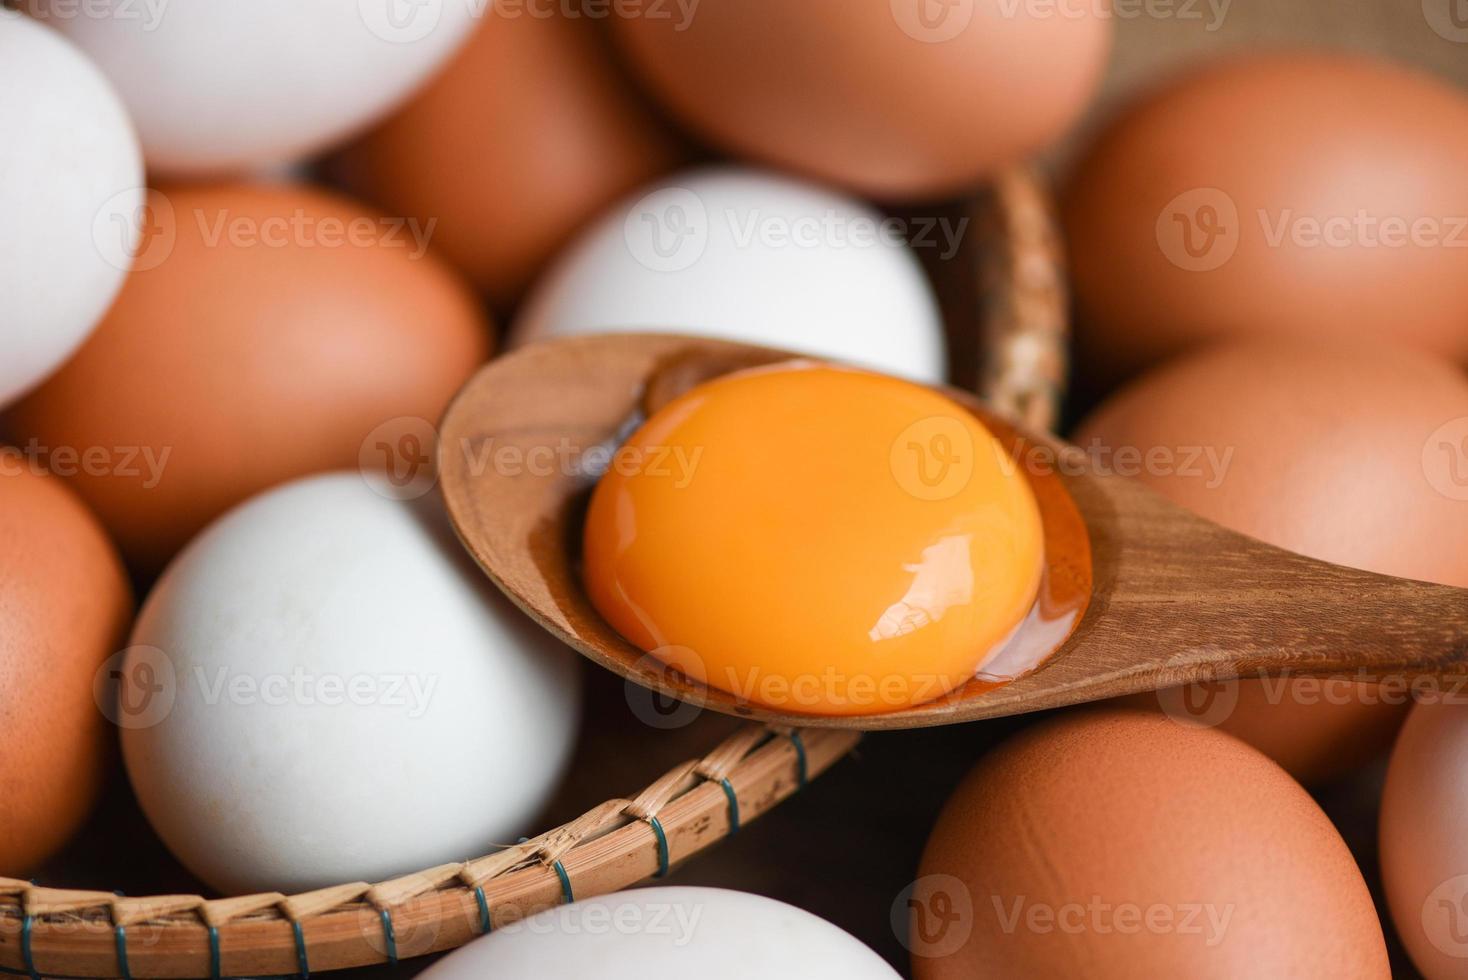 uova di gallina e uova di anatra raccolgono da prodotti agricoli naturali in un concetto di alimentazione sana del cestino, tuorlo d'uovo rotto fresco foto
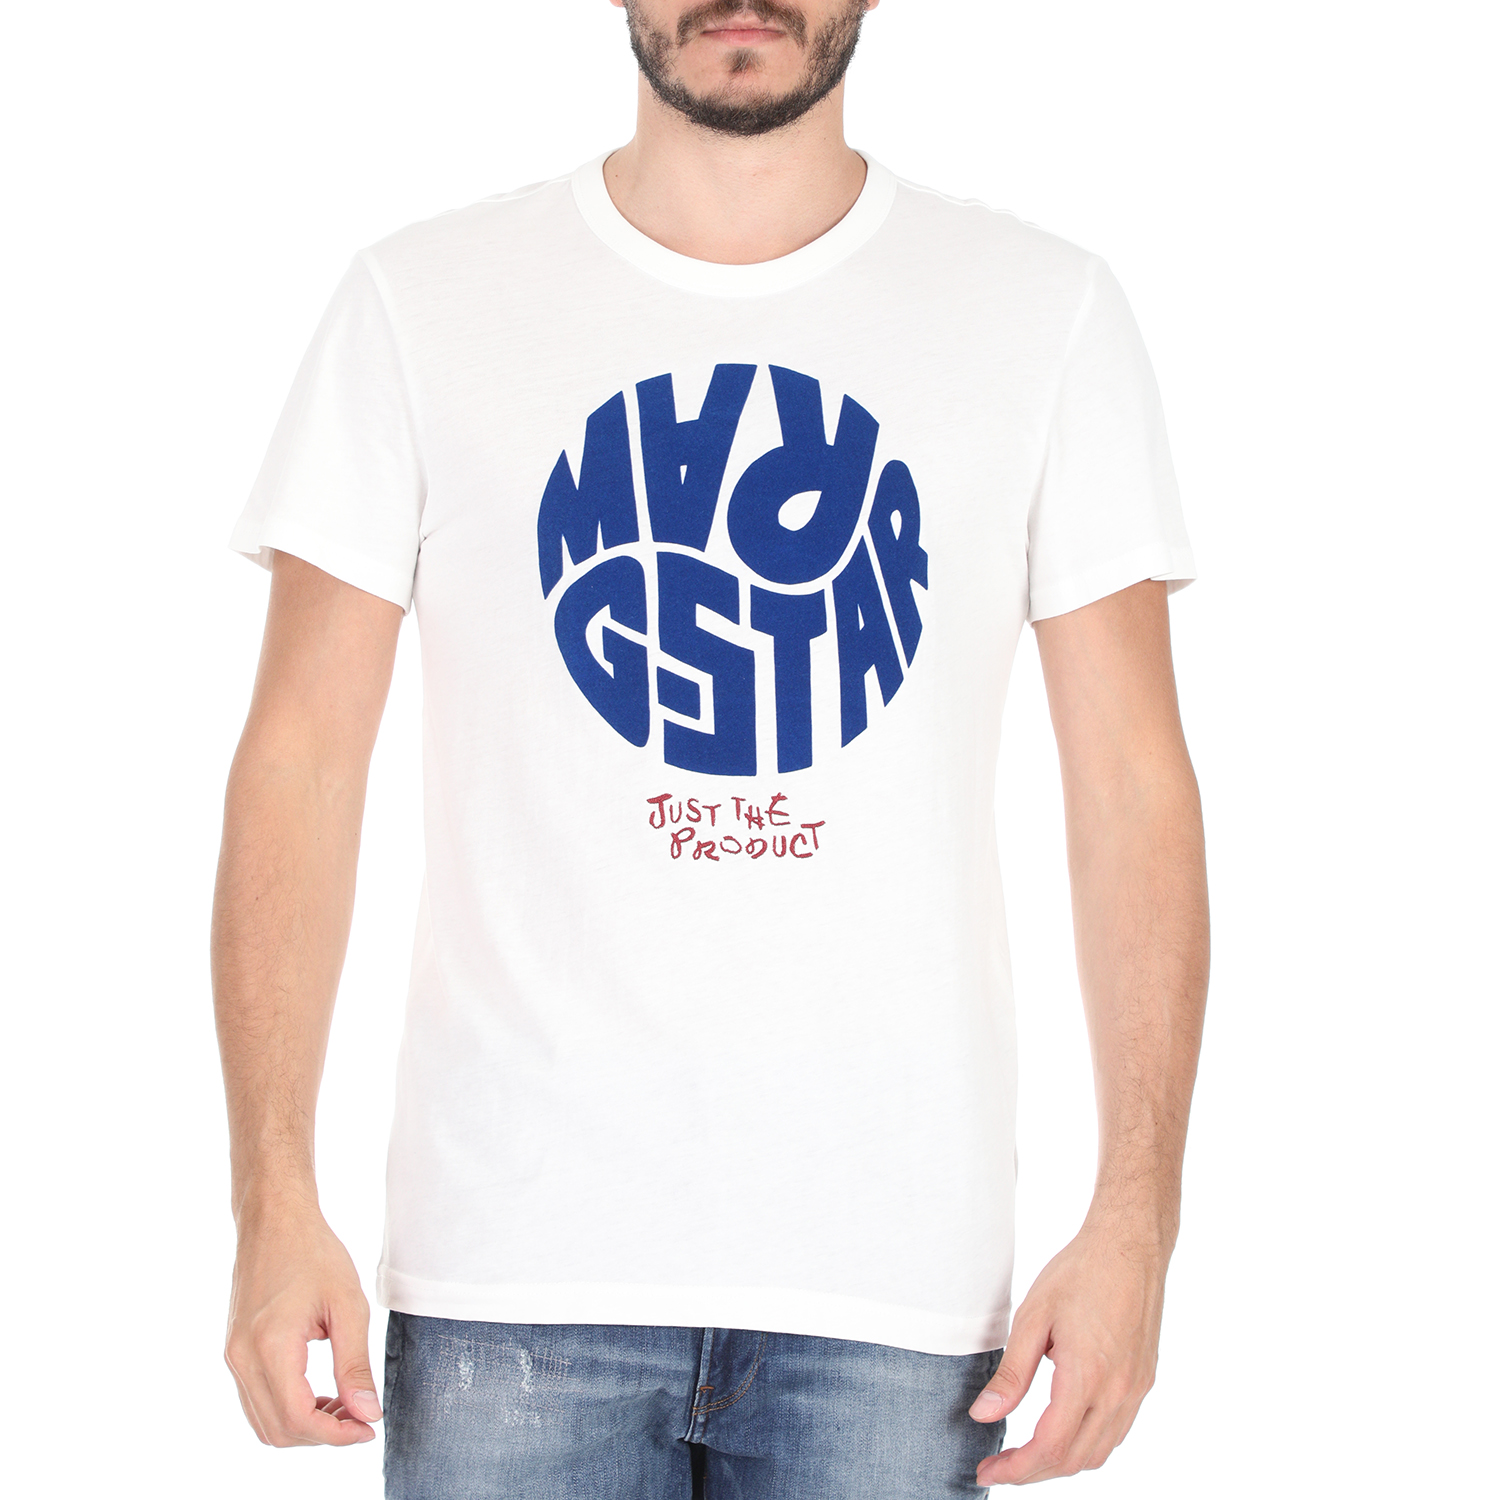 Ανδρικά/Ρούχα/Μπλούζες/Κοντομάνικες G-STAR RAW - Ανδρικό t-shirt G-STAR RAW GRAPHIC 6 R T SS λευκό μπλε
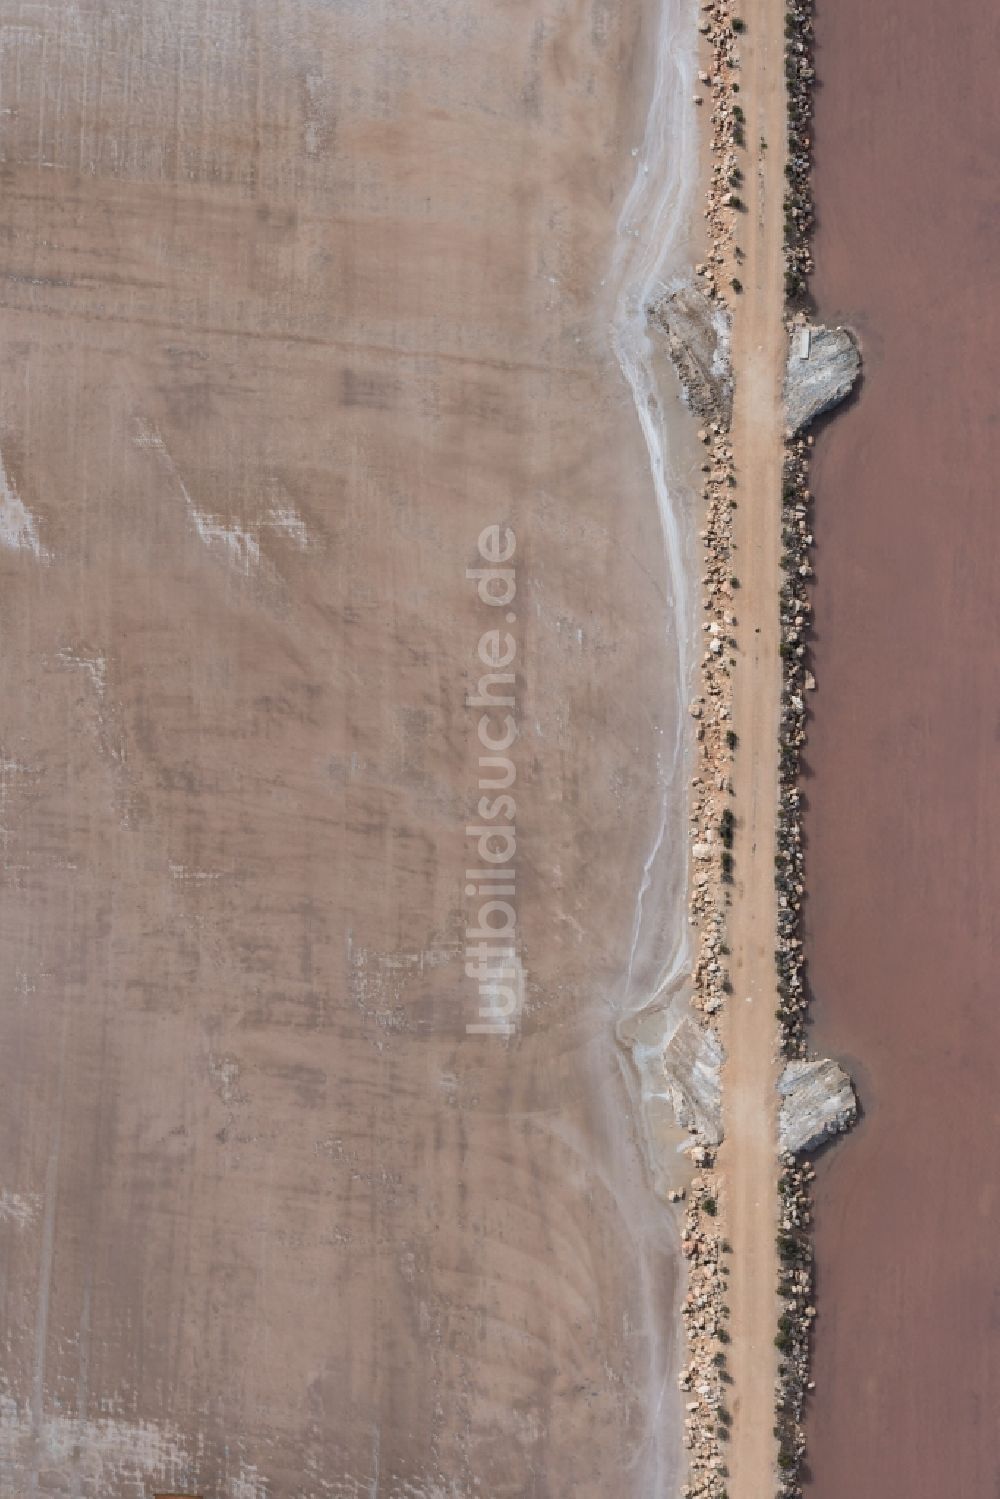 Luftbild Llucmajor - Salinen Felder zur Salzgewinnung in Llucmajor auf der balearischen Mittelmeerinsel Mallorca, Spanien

▶ _How to complete this task_
Pictures in the listing above must be skipped; everything else should be copied exactly.

▶ _Solution_
 uova di gallina e uova di anatra raccolgono da prodotti agricoli naturali in un concetto di alimentazione sana del cestino, tuorlo d'uovo rotto fresco foto
 Ανδρικά/Ρούχα/Μπλούζες/Κοντομάνικες G-STAR RAW - Ανδρικό t-shirt G-STAR RAW GRAPHIC 6 R T SS λευκό μπλε
 Luftbild Llucmajor - Salinen Felder zur Salzgewinnung in Llucmajor auf der balearischen Mittelmeerinsel Mallorca, Spanien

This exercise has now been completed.